SUMMARY OF THE INVENTIONThe present specification discloses a method of treating peripheral neuropathic pain using a handheld cold laser device comprising: acquiring the handheld cold laser device, wherein the handheld cold laser device comprises a light emission surface and a body attached to, but separate from, the light emission surface; attaching a patient attachment surface to a portion of a patient's body, wherein the patient attachment surface comprises a light emission surface receiver; attaching the light emission surface to the light emission surface receiver, wherein the light emission surface receiver comprises a hollow cavity enclosed by a first wall, wherein the first wall has a periphery, and wherein an external surface of the light emission surface is positioned inside the periphery; adjusting a position of a support member having a first end and a second end, wherein the first end of the support member is attached to at least one of the light emission surface receiver or the patient attachment surface, wherein the second end of the support member is in physical contact with the body of the handheld cold laser device, and wherein the second end of the support member is adjusted such that the light emission surface is maintained in a position parallel to the patient's skin in a hands-free manner; and activating the handheld cold laser device to transmit light from the light emission surface through the light emission surface receiver and to the patient's body.
Optionally, the method further comprises adjusting the periphery of the light emission surface receiver to achieve a friction fit with the external surface of the light emission surface.
Optionally, adjusting the position of the support member comprises rotating the support member, wherein the support member is hinged at one end to at least one of the light emission surface receiver or the patient attachment surface. Optionally, the support member comprises a curved portion at a second end to receive the body of the cold laser device.
Optionally, an internal surface of the first wall comprises a reflective material wherein the reflective material is positioned to cause light emitted from the light emission surface and impinging on the internal surface of the first wall to be directed toward the patient's skin. Optionally, at least 20% of the internal surface of the first wall comprises the reflective material. Optionally, at least 50% of the internal surface of the first wall comprises the reflective material. Optionally, at least 70% of the internal surface of the first wall comprises the reflective material.
Optionally, the wall of the light emission surface receiver has a plurality of holes to release heat generated from light emitted by the light emission surface.
Optionally, the wall of the light emission surface is porous.

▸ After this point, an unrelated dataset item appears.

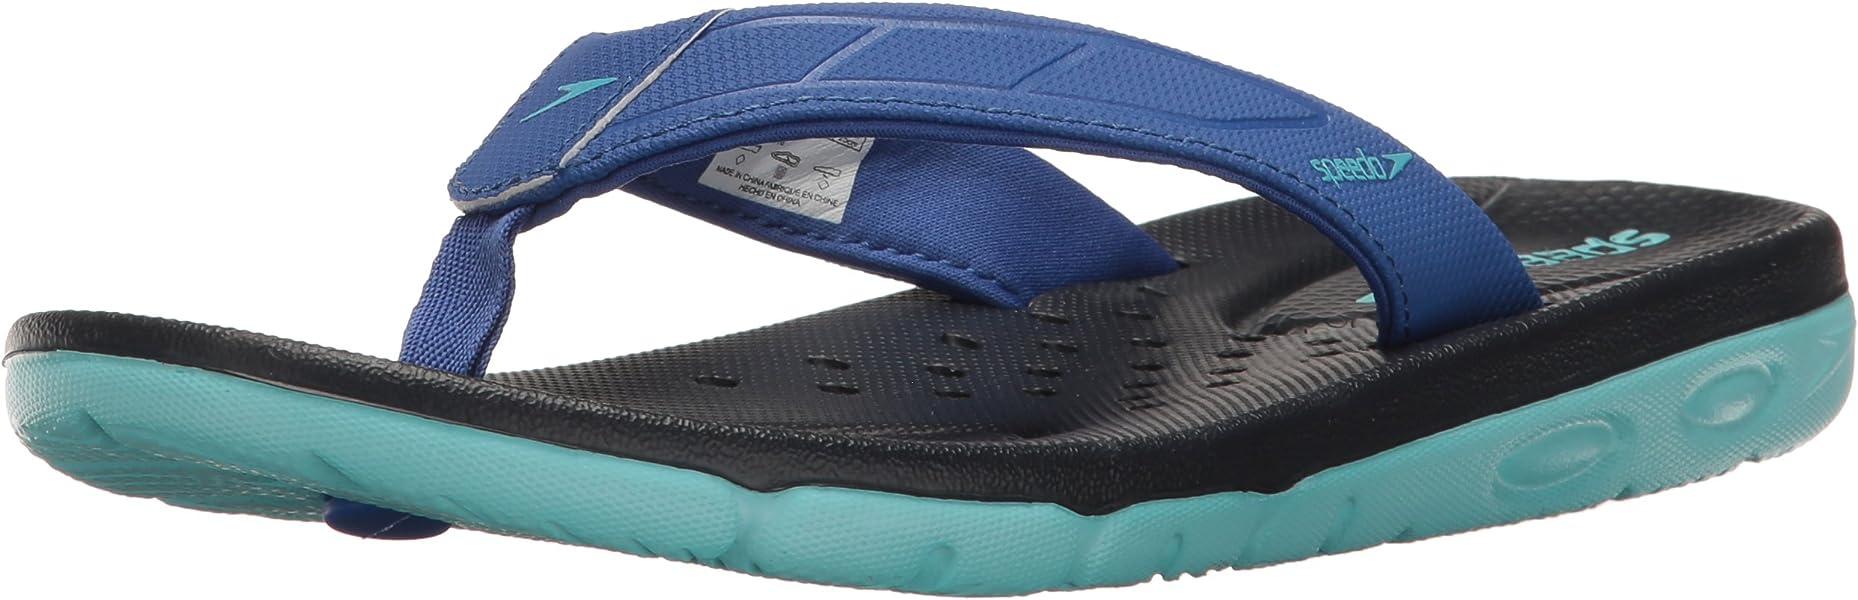 da96141cc Speedo Women s ON ON Deck FLIP Sandal Blue 5 ...

Optionally, the wall of the light emission surface receiver is vertically adjustable to thereby modify a distance between the light emission surface and the patient's skin.
Optionally, the light emission surface receiver is detachable from the patient attachment surface.

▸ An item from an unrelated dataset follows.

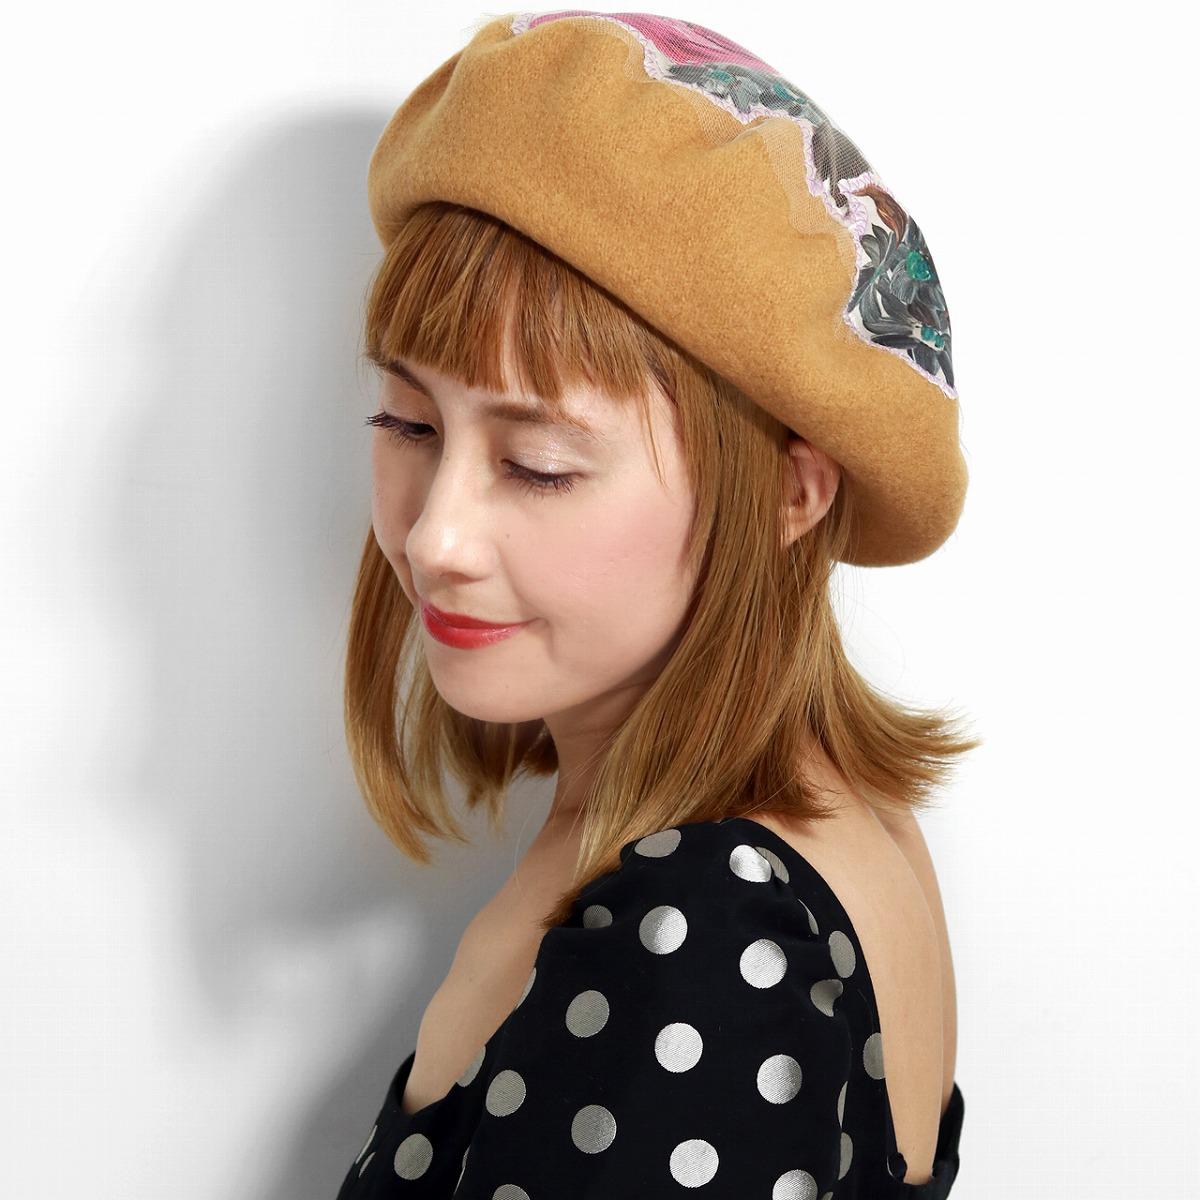 こだわり溢れるデザイン【バラ色の帽子】心が躍るロマンティックなベレー帽 帽子 エレガント 日本製 カトリーヌの庭 花 アップリケ 秋冬 ウール ベレー帽 Barairo no Boushi ベレー帽 プリント バラ色の帽子 可愛い からし色 サフラン 黄 [ beret ] プレゼント 帽子 母の日 ギフト 敬老の日

Optionally, the light emission surface receiver is attached to the patient attachment surface using at least one of a friction fit, Velcro, snaps, a sewed connection, or glue.
Optionally, the support member comprises a height adjustment mechanism and adjusting the position of the support member comprises modifying the height adjustment mechanism.

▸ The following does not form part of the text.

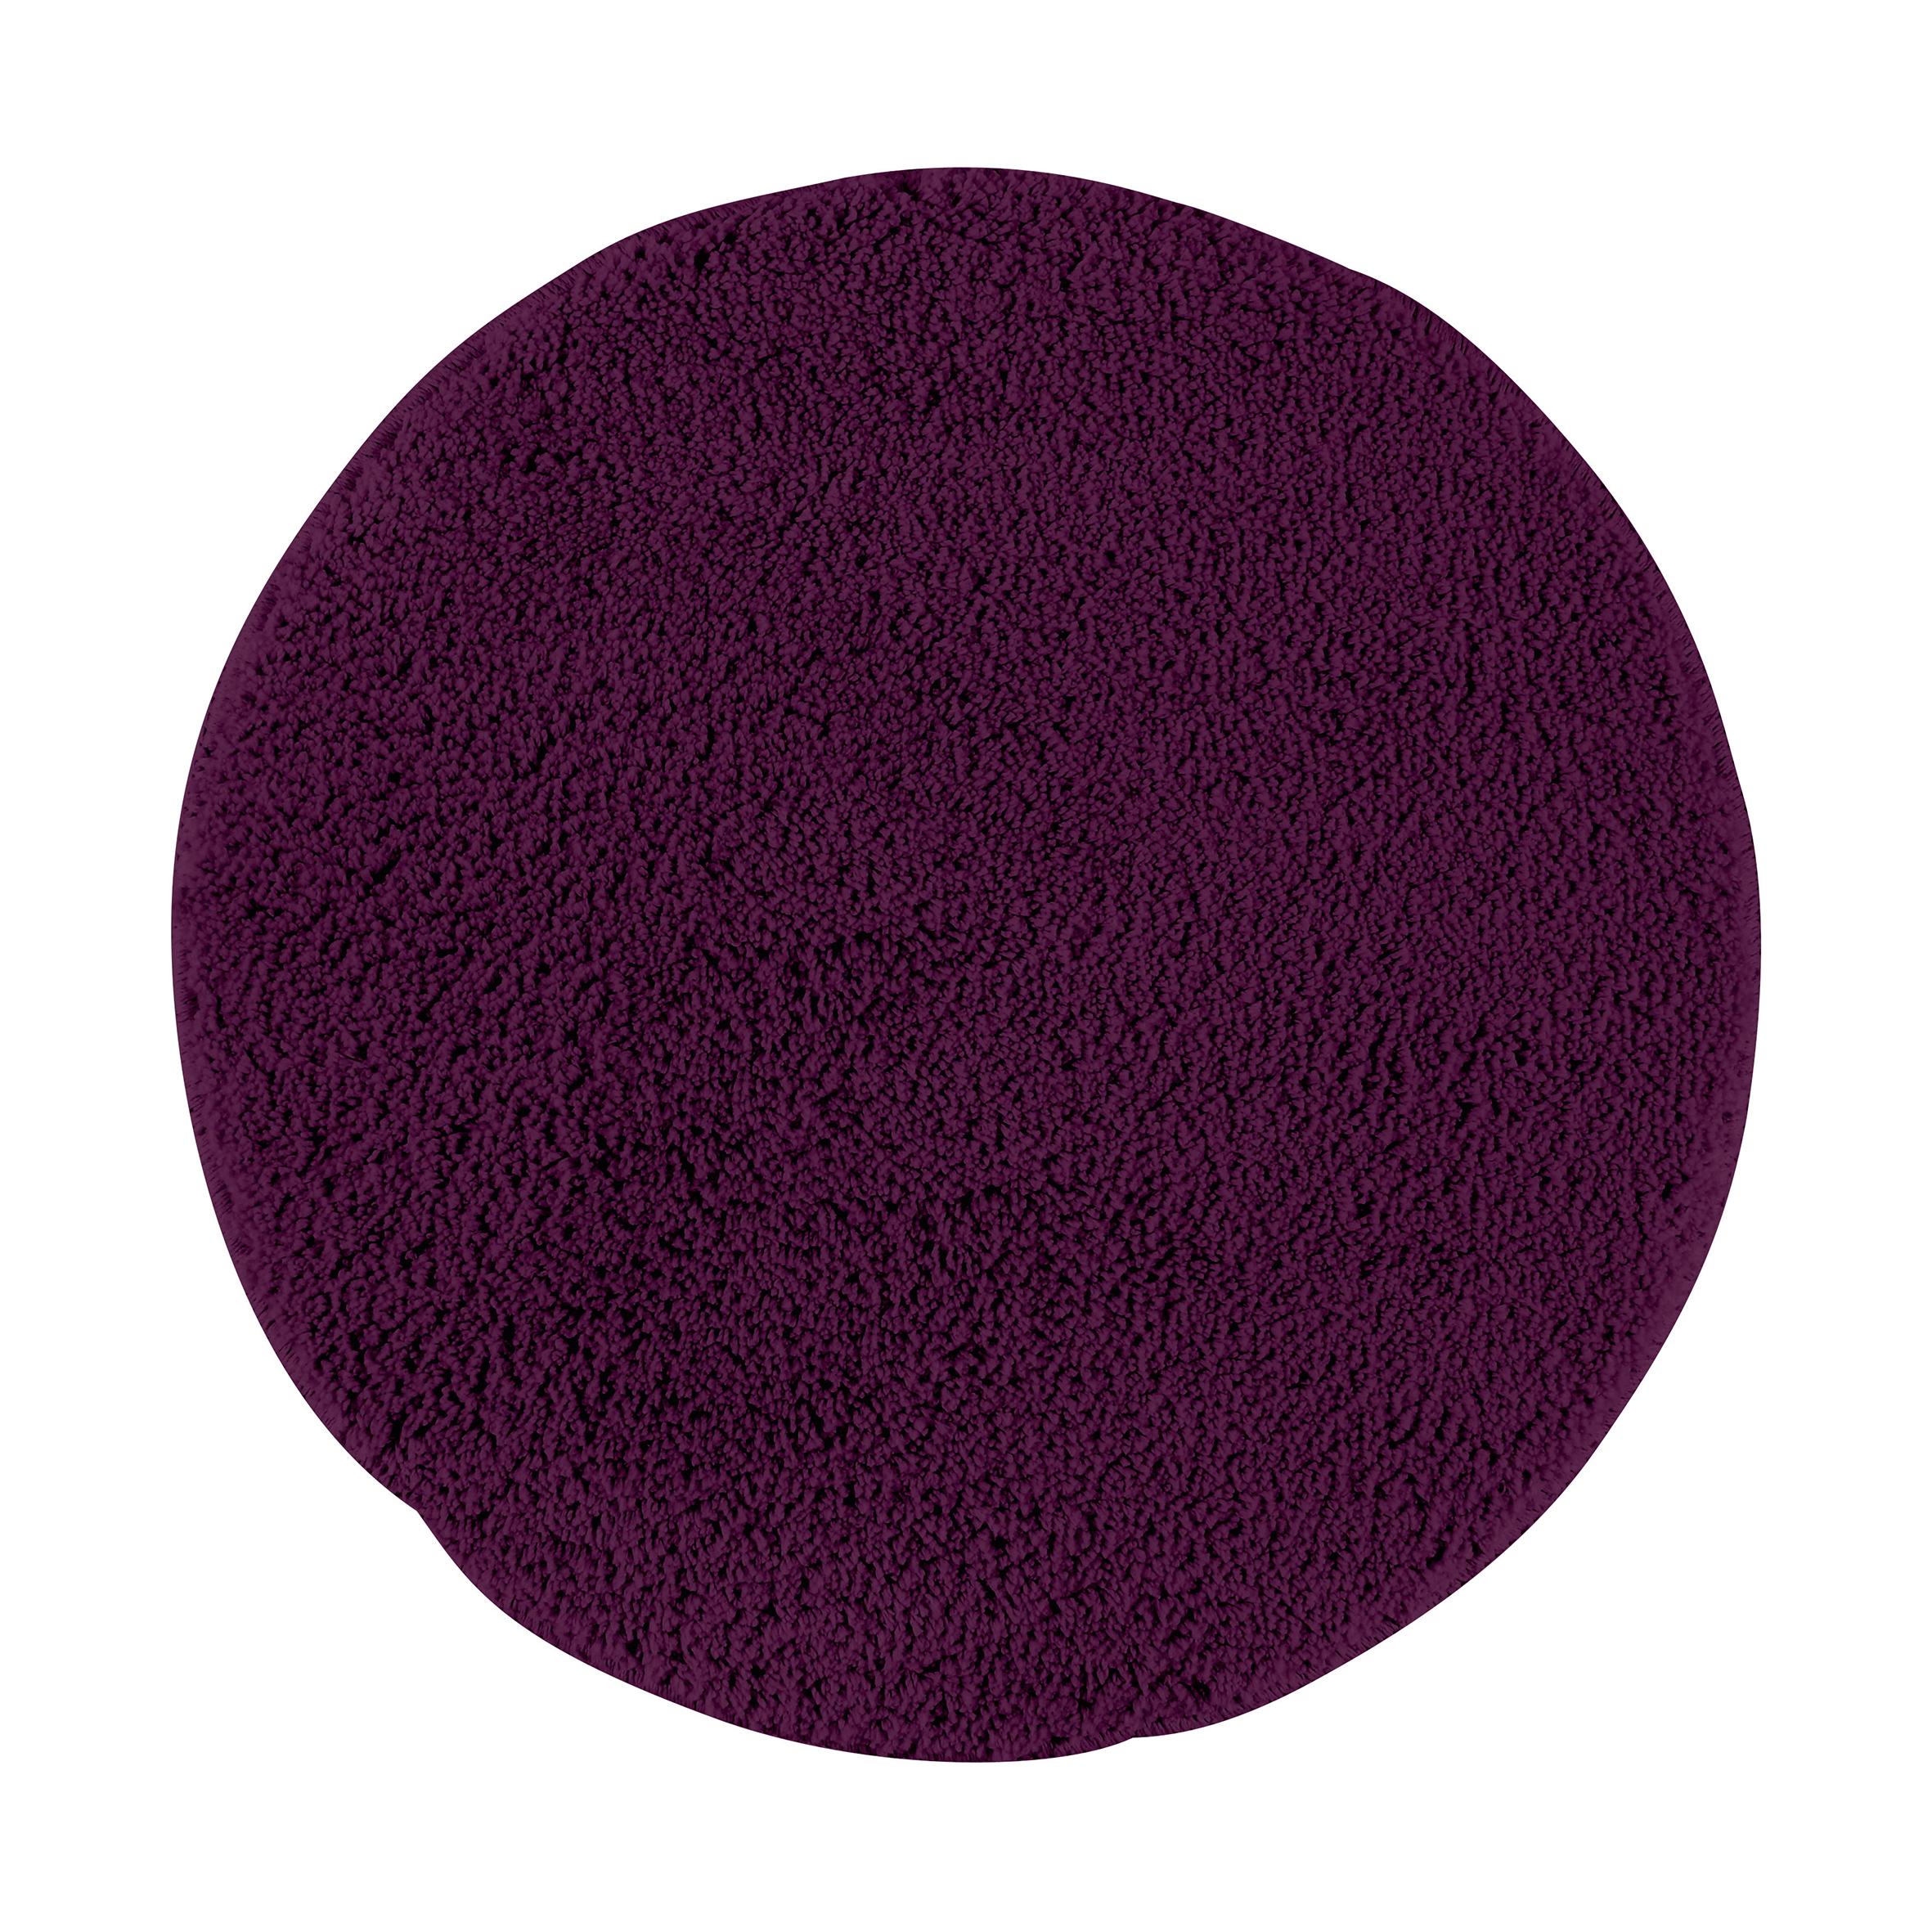 Коврик для ванной Axentia, круглый, цвет: фиолетовый, диаметр 50 см116066Коврик для ванной комнаты из микрофибры, круглый, диаметр 50 см. Высота ворса 1,5 см, стеганный. Противоскользящее основание изготовлено из термопластичной резины и подходит для полов с подогревом. Коврик мягкий и приятный на ощупь, отлично впитывает влагу и быстро сохнет. Можно стирать в стиральной машине. Высокая износостойкость коврика и стойкость цвета позволит вам наслаждаться покупкой долгие годы. Широкая гамма расцветок ковриков Axentia удовлетворит самый притязательный вкус.

Optionally, the support member comprises a telescopic height adjustment mechanism and adjusting the position of the support member comprises turning a dial to cause one portion of the support member to move relative to a second portion of the support member.
Optionally, the light emission surface receiver comprises a second wall that encloses the first wall, wherein an interior surface of the second wall is attached to an exterior surface of the first wall through a member and wherein the second wall is configured to permit heat to flow away from the patient's body. Optionally, the first wall has a first length and the second wall has a second length, wherein the first length is less than the second length, and wherein the second wall comprises a plurality of openings.
Optionally, the method further comprises deactivating the handheld cold laser device to turn off light from the light emission surface after a period of time, wherein the period of time is sufficient to at least partially treat the peripheral neuropathic pain.
Optionally, the light emission surface has a first geometric shape and the light emission receiver has a second geometric shape, wherein the second geometric shape is similar to the first geometric shape but of a different size. Optionally, the first geometric shape is at least one of rectangular, circular, oval, trapezoidal, triangular, polygonal, or conical.
The aforementioned and other embodiments of the present specification shall be described in greater depth in the drawings and detailed description provided below.
These and other features and advantages of the present specification will be further appreciated, as they become better understood by reference to the following detailed description when considered in connection with the accompanying drawings:
The present invention may be used to treat, in a substantially hands-free manner, numerous conditions, including ligament sprains, muscle strains, tendonitis, bursitis, neck pain, back pain, knee pain, muscle spasms, inflammation, swelling, ulcerations, rheumatoid arthritis, autoimmune diseases, peripheral neuropathy, fibromyalgia, carpal tunnel syndrome, acne, psoriasis, burns, vitiligo, edema, dermatitis, rashes, wounds related to diabetes, and diabetic neuropathy.
The present specification is directed towards multiple embodiments. The following disclosure is provided in order to enable a person having ordinary skill in the art to practice the invention. Language used in this specification should not be interpreted as a general disavowal of any one specific embodiment or used to limit the claims beyond the meaning of the terms used therein. The general principles defined herein may be applied to other embodiments and applications without departing from the spirit and scope of the invention. Also, the terminology and phraseology used is for the purpose of describing exemplary embodiments and should not be considered limiting. Thus, the present invention is to be accorded the widest scope encompassing numerous alternatives, modifications and equivalents consistent with the principles and features disclosed. For purpose of clarity, details relating to technical material that is known in the technical fields related to the invention have not been described in detail so as not to unnecessarily obscure the present invention.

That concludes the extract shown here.